Here's a look at what you need to know about those data security standards (which were updated by HITECH, the Health Information Technology for Economic and Clinical Health Act) and how to make sure your business is ready to meet them by the September 23 deadline. (For more on data security and data breach issues, check out "Data Security Remains Top Concern about Cloud Computing Options.")

What Is Data Security under HIPAA and HITECH?

Under HIPAA rules, protected health information (PHI) must remain confidential. This means that HIPAA-covered entities that collect and store PHI (e.g., doctors, psychologists, counselors, and hospitals) must protect it with various physical, administrative, and digital barriers so that only authorized parties can access it.

In addition, HIPAA requires that covered entities share PHI with patients within 30 days of receiving a written request for that information. It also outlines certain financial penalties for covered entities that violate the data protection standards.

HITECH, a part of the American Recovery and Reinvestment Act passed in 2009, updates HIPAA's data security standards in the following ways:

  1. It expands the definition of a "covered entity." Now, any company, contractor, or consultant that works with a HIPAA-covered entity must comply with the data security standards of HIPAA and HITECH.
  2. It increases the penalties of data security breaches. Under HITECH, businesses that improperly reveal PHI (whether by disclosing it to non-authorized parties or by permitting a data breach because of insufficient data safeguards) can face up to $1.5 million in penalties each year. (Read more about new cyber security fines in "$1.2 Million HITECH Fine Highlights Risks for IT Contractors Working with Healthcare Clients.")
  3. It requires HIPAA-covered entities to switch to electronic records and demonstrate "meaningful use" of those records to serve patients.

What Small IT Firms Need to Do to Comply with the HITECH Data Security Law

When the government starts enforcing the new HITECH data security standards later this month, small IT and tech firms that work with HIPAA-covered entities (whether as consultants, programmers, designers, or in other capacities) will be responsible for complying with HIPAA's data security guidelines in addition to any state-level data security laws.
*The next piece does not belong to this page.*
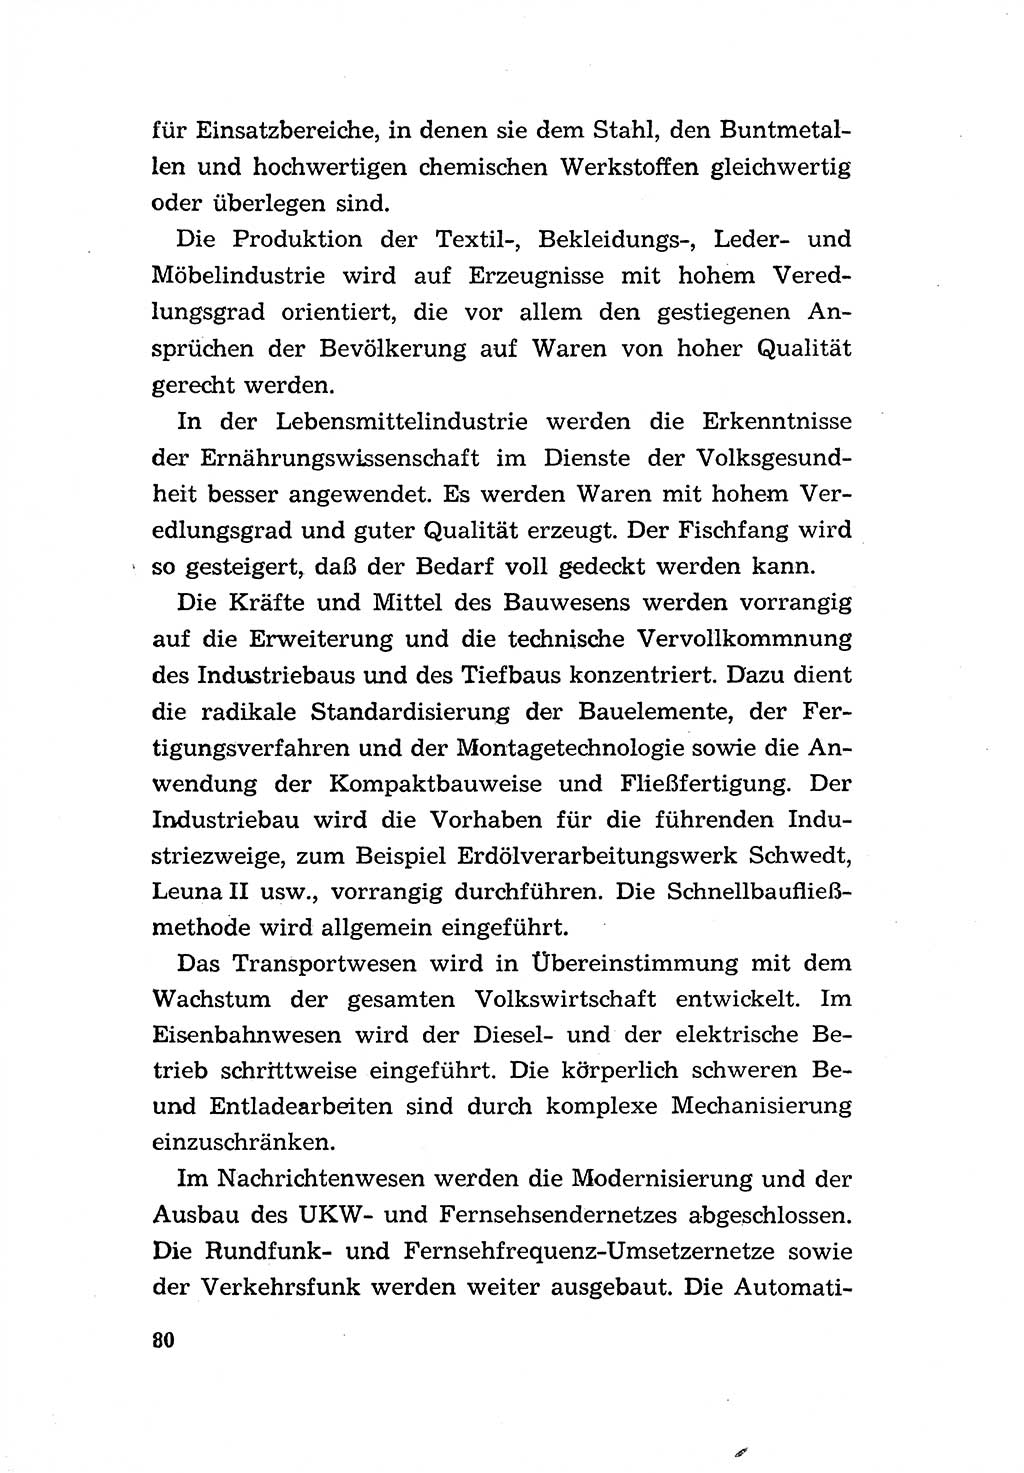 Programm der Sozialistischen Einheitspartei Deutschlands (SED) [Deutsche Demokratische Republik (DDR)] 1963, Seite 80 (Progr. SED DDR 1963, S. 80)

If you count even one HIPAA-covered entity among your clients, it's important to make sure that your company is also compliant with HIPAA's and HITECH's data protection standards. If you haven't yet reviewed those standards, here's what you can do to make sure your business complies...

  • Complete a risk analysis for any electronic PHI your company handles or stores.
  • Name someone to act as Security Official.
  • Establish or revise HIPAA protocol for each HIPAA requirement you're responsible for meeting.
  • Make sure your agreements are up to date with your HIPAA-covered clients. While they might be the ones who need to issue a new agreement, you can protect your business by contacting any HIPAA-covered clients who haven't yet done so. Also, if any contractors or subcontractors you employ work on projects for your HIPAA-covered clients, be sure to update the contracts you have with those subcontractors.
  • Train your team to adhere to the new data protection guidelines.

In addition to meeting HIPAA-mandated data protection guidelines, many of your clients in healthcare may require you to carry Errors & Omissions Insurance to demonstrate that you're able to financially handle any data breach event that occurs.